Russia smiles very, very slowly and turns to stare East dead in the eye and East can’t hold it together, bursting out in howling laughter and having to veer to the side of the road and slam on the brakes so that he can double over giggling safely. Russia feels the strangest urge to reach over and slap East to see if it could recalibrate his brain. Maybe then East wouldn’t be following all of his stupid impulses. Maybe then they would be in Belarus’s territory and _not fucking Latvia’s_.

“Relax, Russland,” East snickers, wiping tears out of the corners of his eyes. “Holy shit. The look on your face- _scheiße_ , I think that’s the funniest thing I’ve ever seen.”

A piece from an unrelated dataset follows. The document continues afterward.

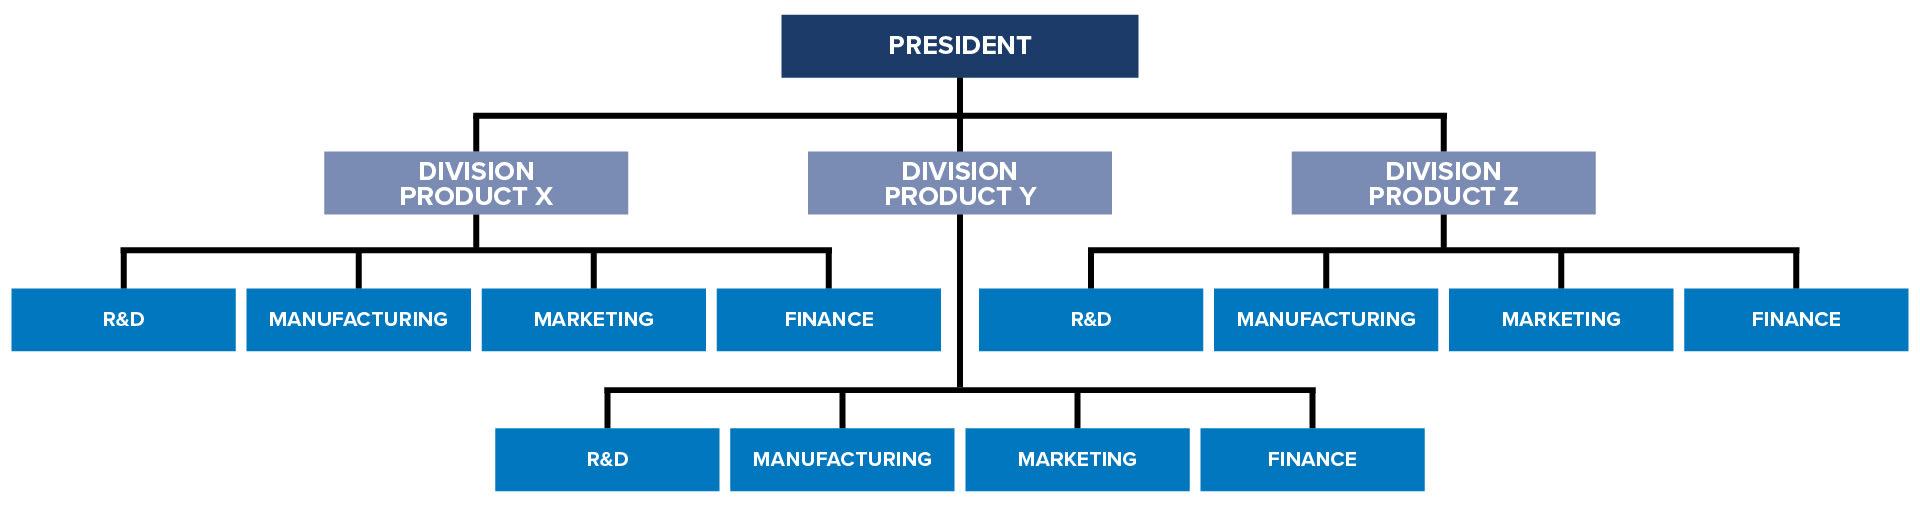 Understanding Organizational Structures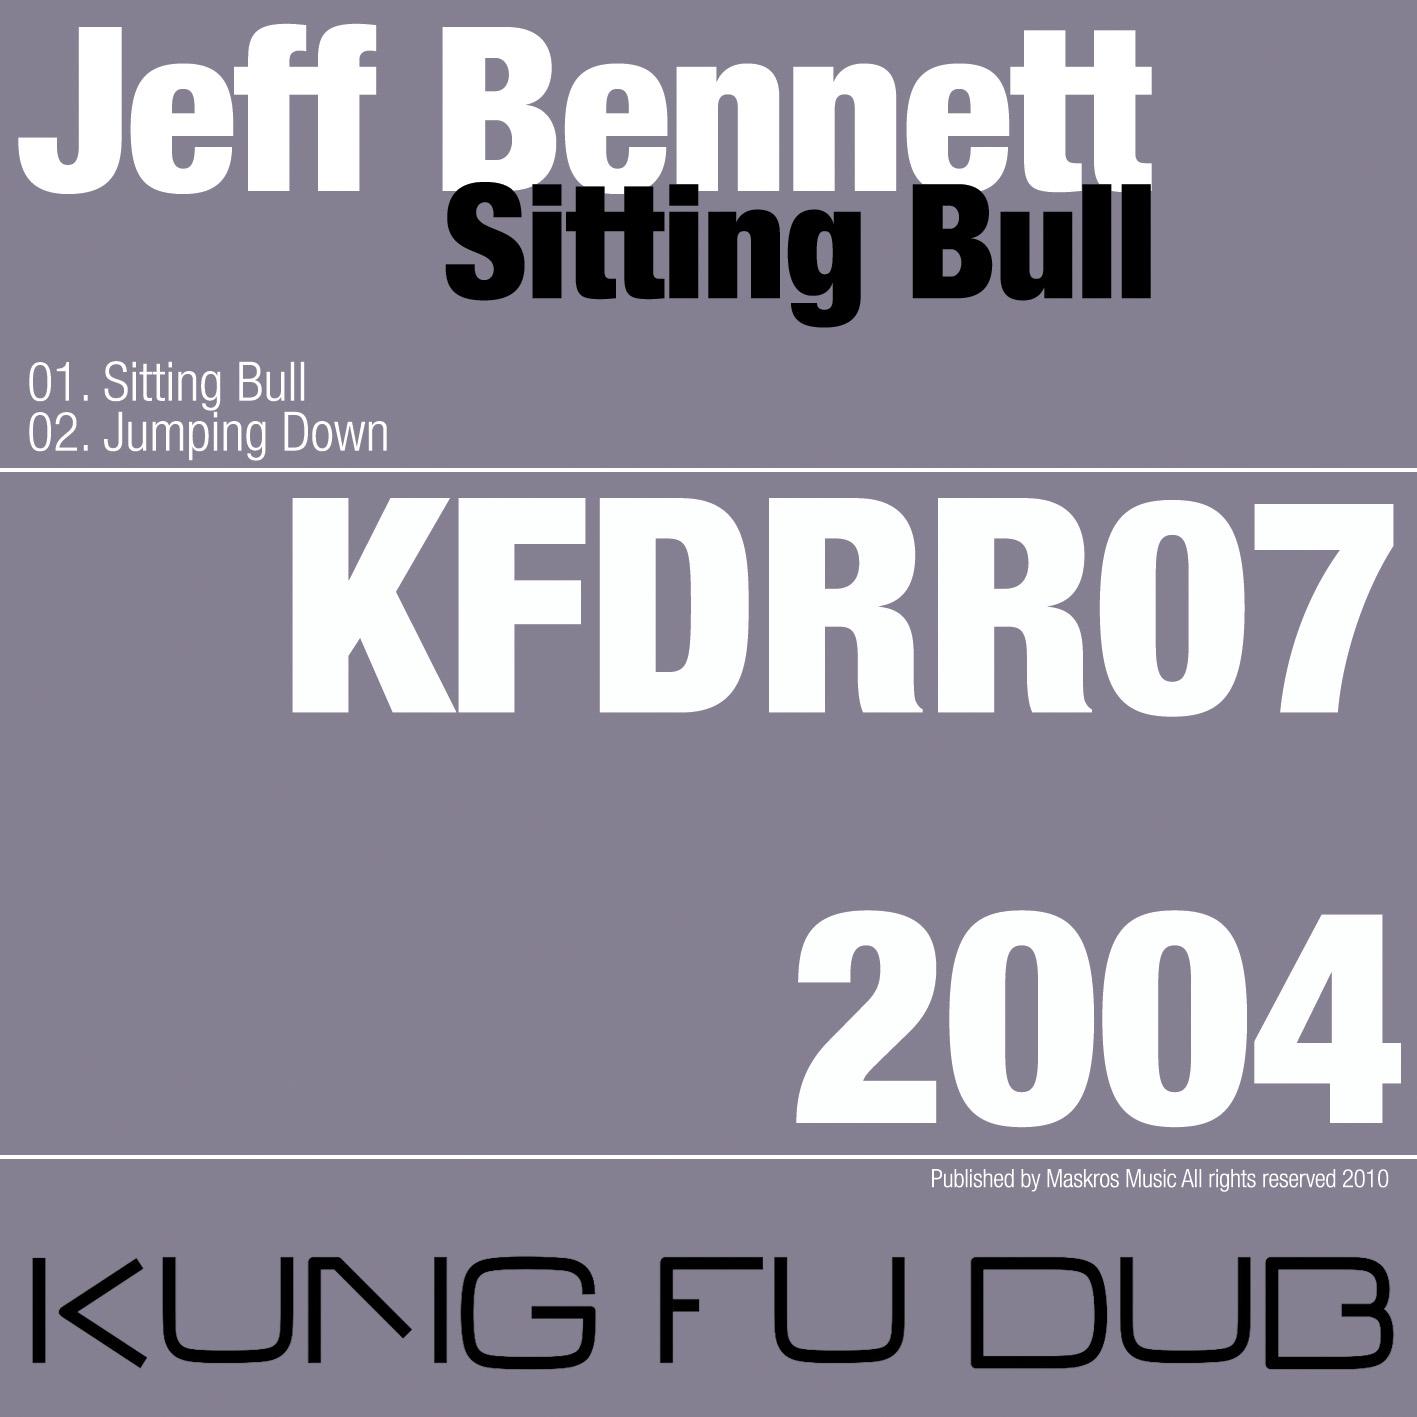 KFDRR07-label-300dpi

Russia puts his hands on East’s shoulders, the most threatening smile he thinks he’s ever put on plastered across his face. “Ah, Vostok,” he sighs. “Has anybody ever told you that you would look _very_ good, I imagine, with your organs _outside_ of your body?”

“Yikes, that’s terrifying,” East says, managing to hold it together for half a second only to break down again. “But oh my god- That was hilarious. I’m so fucking awesome. I can’t _believe_ you didn’t notice, was zur hölle-”

“I hope you do not have plans for tonight,” Russia grins, imagining himself tearing apart East in at least 40 different ways. “Because all of mine involve you and a kitchen knife, and I cannot imagine that you would like to die painfully two days before you’re due to pass on anyway.”

“Christ,” East says. Russia does not miss the way East’s expression flickers strangely before he’s back to his smug smile, but he can’t pinpoint what exactly had been changed. He lets go of East’s shoulders, though, and stares back out the window.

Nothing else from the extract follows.